# Advise confirms.?



## rkm16 (Mar 25, 2013)

I'm very confused... I got paid for my first wages on the 31st may and on the bank statement it says 'advise confirms' but when i got my payslip it has a different company name. Will that be an issue because doesn't it have to be the same name on payslip and statement?


----------



## rkm16 (Mar 25, 2013)

I spoke to my employer and he said they pay by Chaps....so they can't change their method, what do I do???


----------



## Joppa (Sep 7, 2009)

Get a letter from your employer explaining the apparent discrepancy.
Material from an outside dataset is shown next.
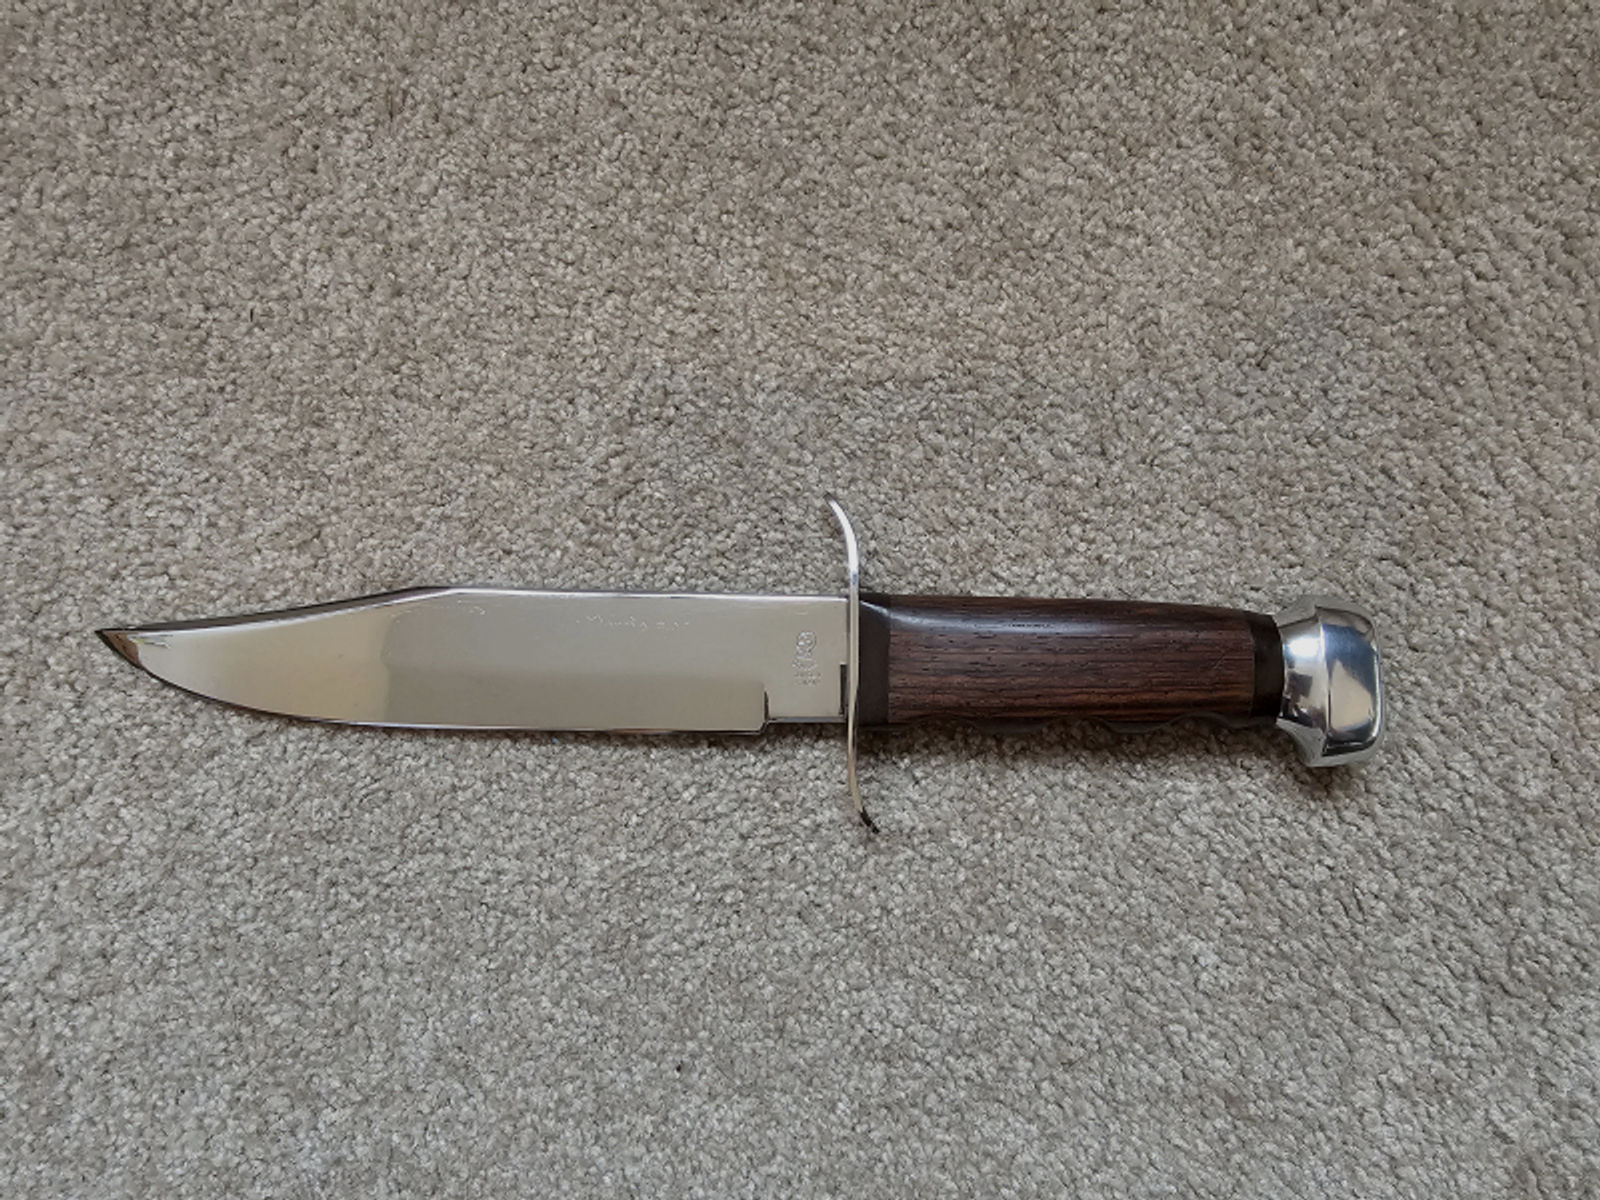 Original Bowie Knife Messer

It must be on company stationery and signed by payroll manager or similar.


----------



## rkm16 (Mar 25, 2013)

What should be it written on it..? But Joppa I received a letter from the bank notifying me of the transaction of my wages nd written there is the actual company name. It's just on the statement it says "advise confirms" my manager is not very understanding and I doubt he will write me a letter. Can the bank just send me that letter to confirm the transaction every month


----------



## rkm16 (Mar 25, 2013)

Please can sumone help...I'm really stressing...just when i thought everything is right...something has to go wrong


----------



## Joppa (Sep 7, 2009)

Just to state the name on the bank statement and on pay slip are the one and the same company.


----------



## rkm16 (Mar 25, 2013)

Joppa said:


> Just to state the name on the bank statement and on pay slip are the one and the same company.


The name on the payslip is same as what the bank sees.....but as its paid by chaps it shows "advise confirm".....so Can the bank not confirm that rather then my boss? He's very ignorant and I know he won't do it


----------



## AmyD (Jan 12, 2013)

The bank doesn't know or care who your employer is. You have to go through your employer.


----------



## rkm16 (Mar 25, 2013)

AmyD said:


> The bank doesn't know or care who your employer is. You have to go through your employer.


AmyD I meant I received a letter confirming y wages going in, the date, amount and company name same as payslip. So could I not ask the bank to send this to me every month? Or asking my employer is the only way?


----------